As noted above, individuals with PTSD are at high risk for deficiencies in Allo+PA—and deficits in Allo or Allo+PA production have been associated with poor extinction retention in male rodents and women with PTSD. Synthesis of these GABAergic neurosteroids is initiated de novo by ACTH in the adrenal gland, luteinizing hormone (LH) in the ovaries and testes, and NMDA receptor activation (with facilitation by co-activation of G-protein coupled receptors) in neurons (reviewed in Rasmusson and Pineles32)--and appears to peak within an hour of synthesis initiation, as demonstrated in response to swim stress76, maximum load exercise77, and activation of hippocampal neurons78. Izumi et al.78 showed in turn that activation of neuronal synthesis of these GABAergic neurosteroids is essential to the production of LTD and/or LTP interference. While LTD contributes directly to extinction62, LTP interference is thought to promote extinction retention by protecting recently modulated neuronal synapses (as may occur during extinction training) from further modification during the subsequent one- to six-hour period of memory consolidation79. Slowly rising intraneuronal levels of Allo or PA may contribute to LTD or LTP interference via: 1) facilitation of GABAA receptor-mediated inhibition of p38 mitogen-activated protein kinase (MAPK)/extracellular-signal regulated kinase (ERK) pathway production of PKA80,81, resulting in disruption of Glu-R1 serine 845 phosphorylation and synaptic incorporation of AMPA receptors, and 2) slowly rising levels of the sulfated metabolites of Allo and PA (i.e., Allo-S and PA-S) that antagonize NMDA receptor activation82,83. Simultaneous enhancement of the function of extrasynaptic GABAA receptors upregulated or persisting in amygdala after aversive conditioning84 by increasing Allo and PA levels during re-exposure to conditioned aversive stimuli likely restrains downstream activation of brainstem monoamine inputs to prefrontal cortex (PFC) (that, if to high, can disrupt working memory and PFC inhibition of the amygdala60). PFC-amygdala connectivity thus may be promoted as a substrate for consolidation—as critical for the subsequent expression of extinction.

In contrast to the potential benefit of administering Allo or an Allo analog after extinction training to maintain extinction training-induced changes in synaptic strength while protein-dependent synaptic consolidation occurs in the service of extinction retention, Allo given shortly after a single brief CS+ re-exposure, but before extinction training, may be expected to block CS+-US reconsolidation—and possibly more effectively than propranolol or PKA inhibitors. Like β-blockers, Allo facilitation of GABAA receptor function may disrupt Glu-R1 serine 845 phosphorylation by inhibiting the PKA/cyclic AMP response element binding protein (CREB) signaling pathway. In addition, Allo would be expected to inhibit amygdala activation of the locus coeruleus and reduce norepinephrine (NE) activation of noradrenergic β-receptors, while Allo-S may directly interfere with NMDA receptor activation. While propranolol also may block NE activation of the PKA/CREB signaling pathway and prevent re-incorporation of AMPA receptors into synapses previously strengthened by aversive conditioning, it may also reduce neurosteroidogenesis32,85 and interfere with the learning or consolidation of learned safety signals.

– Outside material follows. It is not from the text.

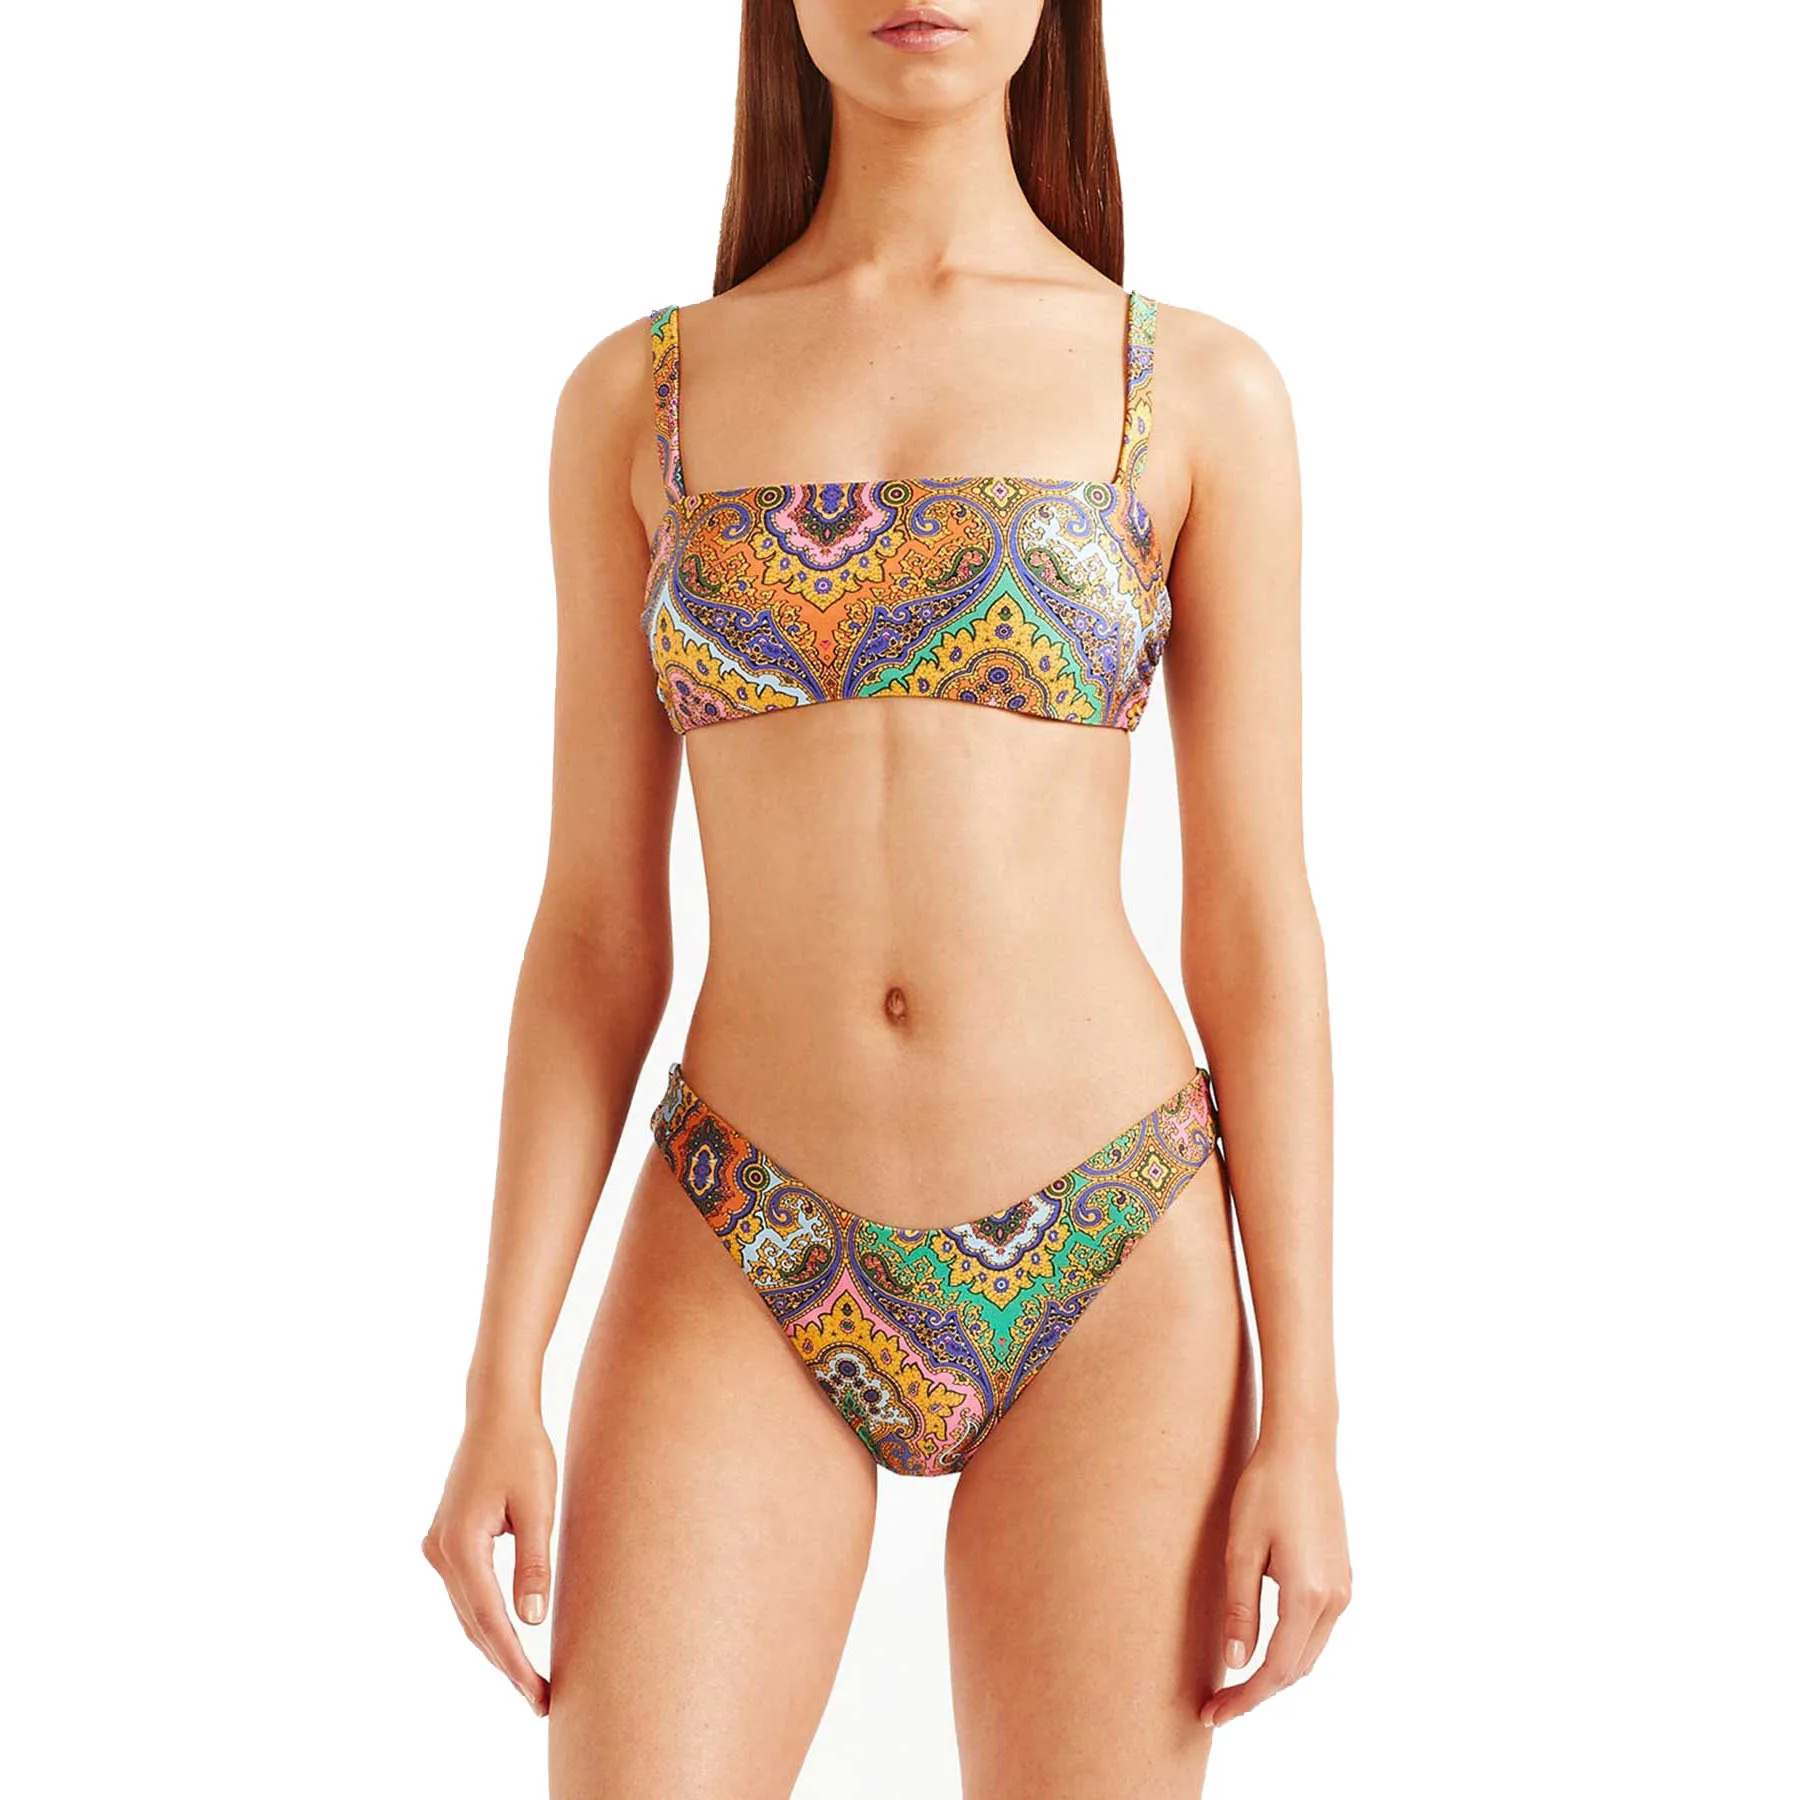 Printed Bikini Sets Low Waist Women Suspenders Wrap Chest Swimwear Vintage Swimsuit Bathing Suit Brazilian Beachwear Two Pieces

The Timing of GABAergic Neurosteroid Administration May be Critical to Treatment Efficacy

As can be inferred from the discussion above, co-activation of NMDA and G-protein coupled monoamine receptors and downstream PKA/CREB signaling upon re-exposure to a fear-conditioned memory32 may be prevented by the prior administration of Allo. Therefore, chronic Allo dosing or acute dosing of Allo before activation of trauma memories may be countertherapeutic. This possibility is supported by numerous studies in rodents. Johansson et al.86 demonstrated markedly negative effects on spatial learning and/or recall in adult male Wistar rats by a (relatively low) 2 mg/kg intravenous (IV) dose of Allo administered at 8 minutes, but not 20 minutes, before each of 9 training sessions in a Morris water maze. Notably, brain levels of Allo were 1.5 to 2.5 times higher in relevant brain regions at the 8- versus 20-minute training condition and paralleled those in plasma. Matthews et al.87 demonstrated a dose dependent, negative effect in adult male Long-Evans hooded rats of a single intraperitoneal (i.p.) injection of Allo (12.5 mg/kg, 17 mg/kg, or 20 mg/kg) 20 minutes before a test of spatial memory retrieval in a Morris water maze after 16 days of training to criterion in the absence of drug treatment. Similar results were obtained in adolescent male Sprague-Dawley rats88.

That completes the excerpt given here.